The National Heads-Up Poker Championship was an annual poker tournament held in the United States and produced by the NBC television network.  It is a $25,000 "buy-in" invitation-only tournament organized as a series of one-on-one games of no limit Texas hold 'em matches.  The participants include many of the world's most successful poker players, as well as celebrities.

The championship was the first poker event to be televised on and produced by a major U.S. television network.

In October 2011, NBC announced that the National Heads-Up Poker Championship would not return in 2012, ending the championship's seven-year run. After a one-year hiatus, the tournament returned for a final time in 2013.
The $25,000 buy-in event ran from Jan. 24 through 26 at Caesars Palace, the same venue where the event was held from 2006 through 2011.

In February 2014, NBC announced the National Heads-Up Poker Championship would not return in 2014.

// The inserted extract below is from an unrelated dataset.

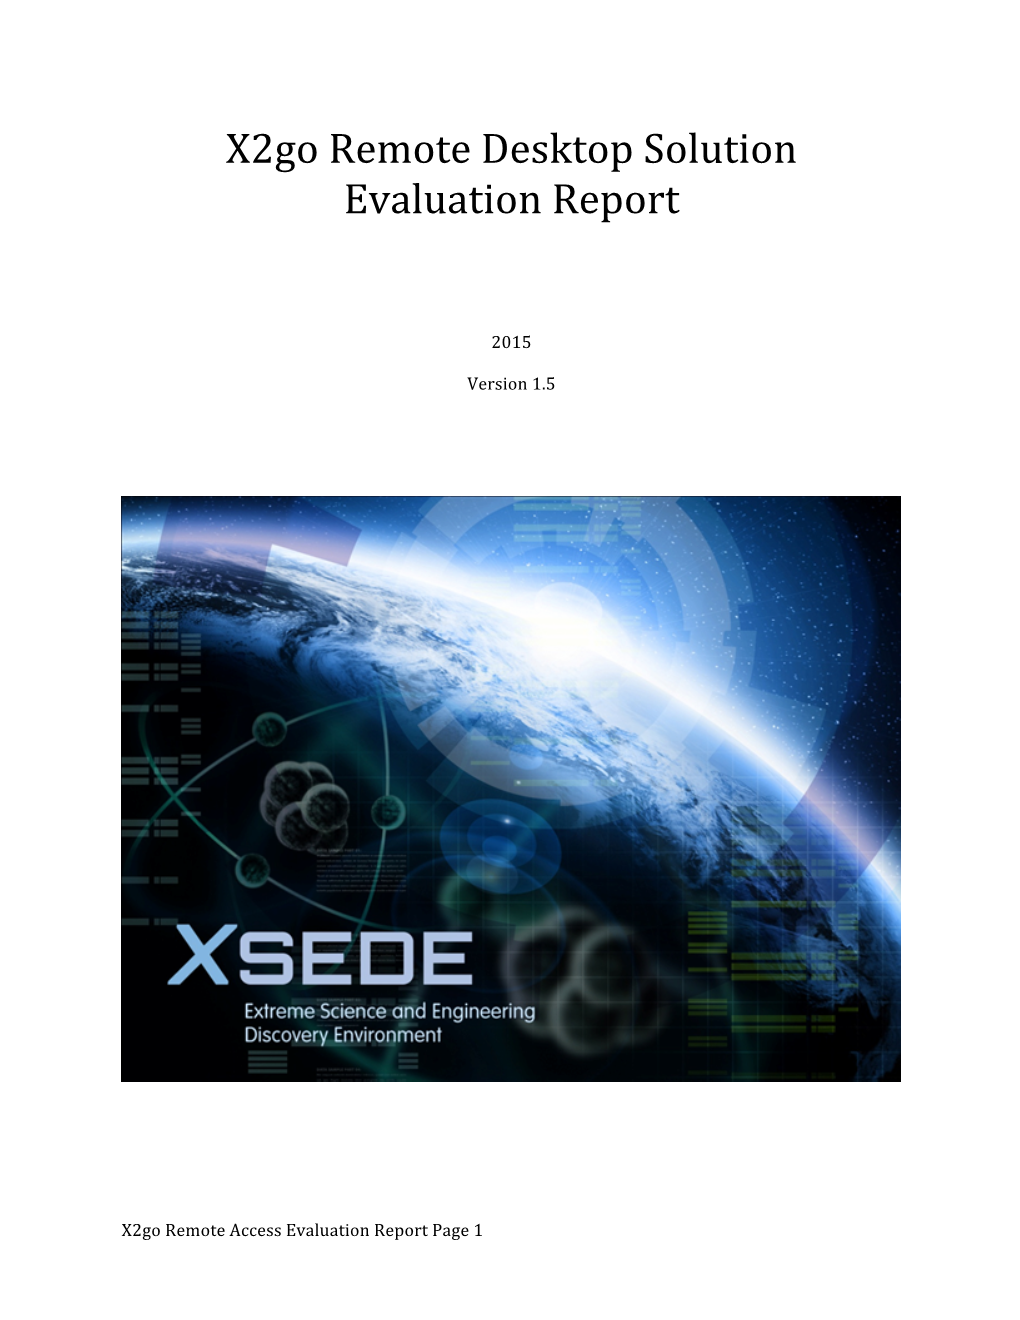 X2go Remote Desktop Solution Evaluation Report

The Heads-Up Championship had been sponsored by online poker companies before Black Friday. The World Series of Poker (WSOP.com) is the new presenting sponsor.

Structure
The single-elimination tournament is modeled after college basketball tournaments. Players who win a match advance to the next round; the player who wins six matches is crowned champion.

The first round is seeded randomly the night before the tournament begins. Players are divided into four brackets – Clubs, Diamonds, Hearts, and Spades. A participant advances by winning a heads-up match against his or her randomly drawn opponent. The structure of the brackets then determines every match thereafter. The semifinals consist of one player from each bracket, with the winner of the Spades bracket playing the winner of the Clubs bracket, and the winner of the Hearts bracket matched up against the winner of the Diamonds bracket. A best-of-three final match then determines which of the two finalists is crowned champion.

Brief history
The National Heads-Up Poker Championship is an invitation-only event. In contrast, the World Heads-Up Poker Championship is an open event with a maximum participation of 128 players.

The 2005 event took place at the Golden Nugget Las Vegas between March 4 and March 6. It aired weekly on NBC from May 1 to May 22 with commentary from Gabe Kaplan and Matt Vasgersian.

The 2006 edition took place from March 4 to 6 at Caesars Palace in Las Vegas. NBC began its coverage by broadcasting one part of the opening round on April 16. The semi-final and championship matches aired May 21. Kaplan and Vasgersian returned as commentators.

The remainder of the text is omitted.